Butterfinger Pie Creamy

dreamy, and packed with Butterfinger crunch — a no-bake dessert you’ll love!

Ingredients:

8 oz package cream cheese, softened

8 oz container whipped topping (like Cool Whip)

1 cup powdered sugar

1 (9-inch) prepared graham cracker crust

6 full-size Butterfinger candy bars, crushed (reserve a little for topping)

1 teaspoon vanilla extract


Instructions:

1. Prep the filling – In a large mixing bowl, beat the cream cheese until smooth and creamy.

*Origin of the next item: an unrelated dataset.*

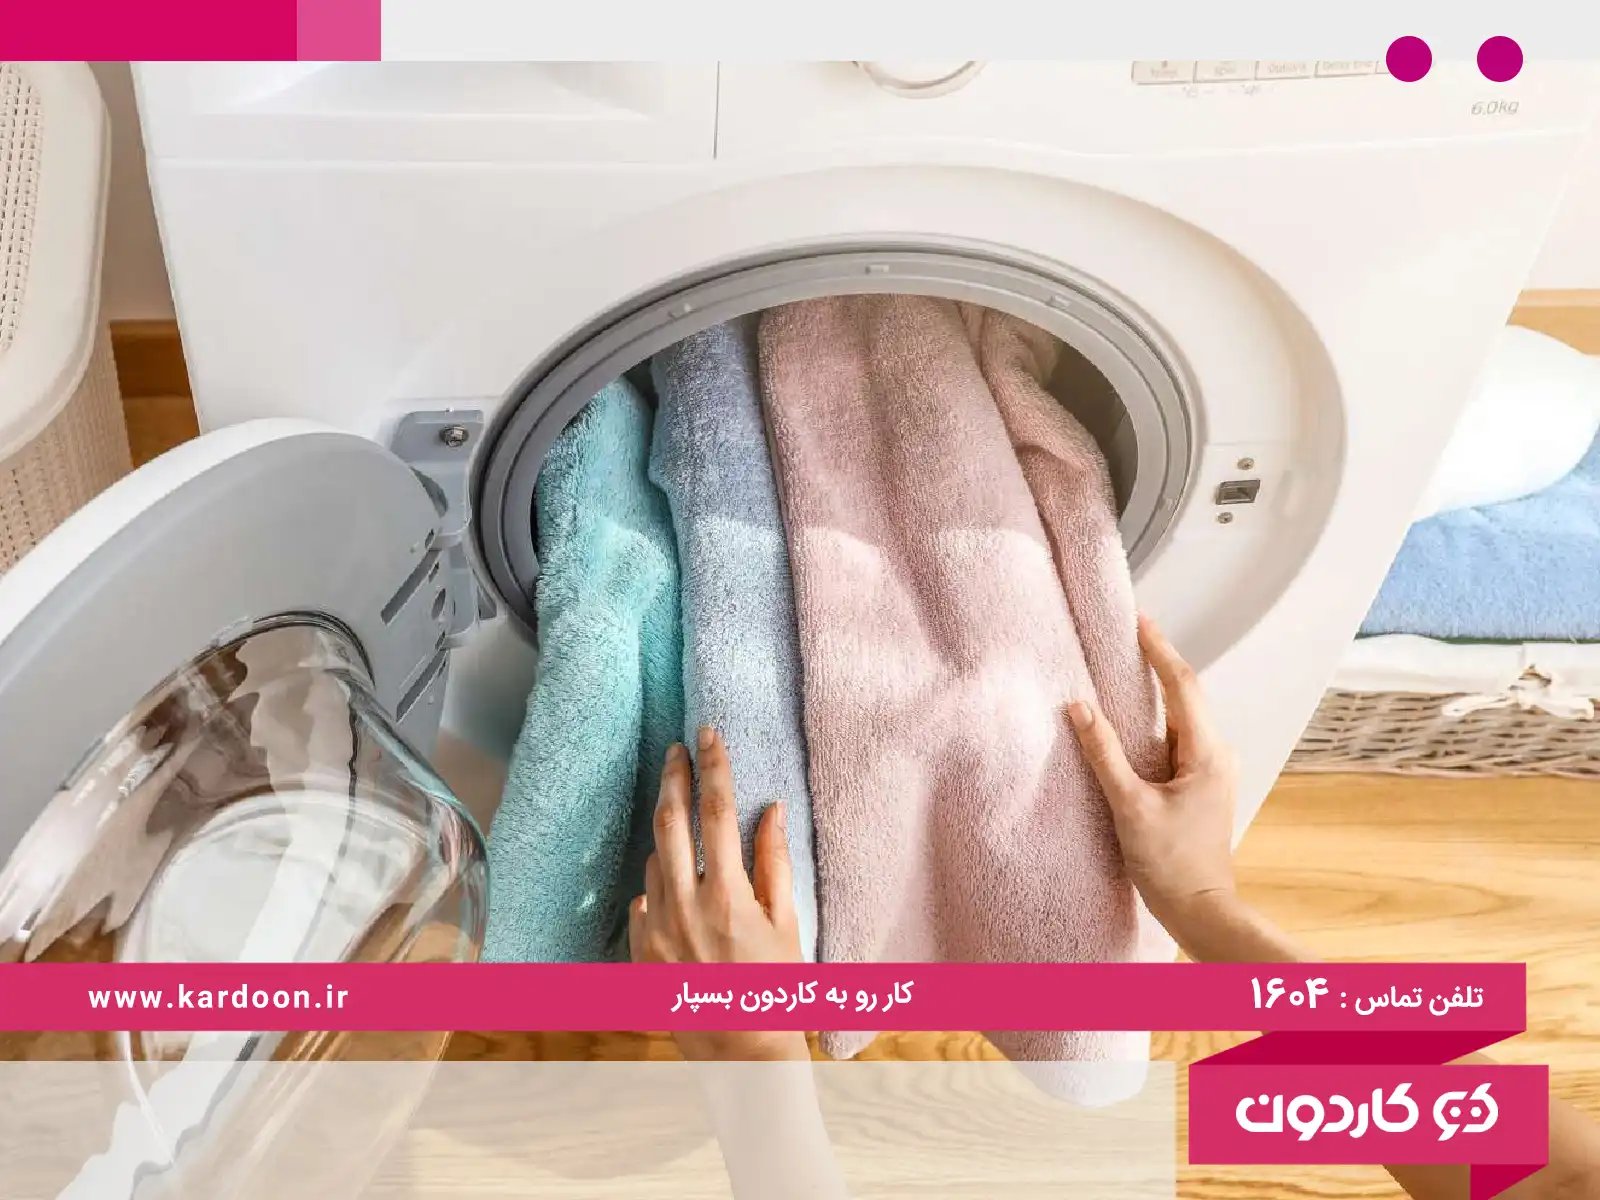 How to wash towels in the washing machine without damaging the machine

2. Add sweetness – Mix in the powdered sugar and vanilla extract until well blended.


3. Fold in fluffiness – Gently fold in the whipped topping until fully incorporated.


4. Add the crunch – Stir in most of the crushed Butterfinger bars, keeping a small amount aside for garnish.


5. Assemble the pie – Spoon the mixture into the graham cracker crust, spreading evenly.


6. Top it off – Sprinkle the remaining Butterfinger pieces on top.


7. Chill – Refrigerate for at least 2–3 hours (or overnight) until set.


8. Serve & enjoy – Slice, serve cold, and enjoy your creamy, crunchy masterpiece!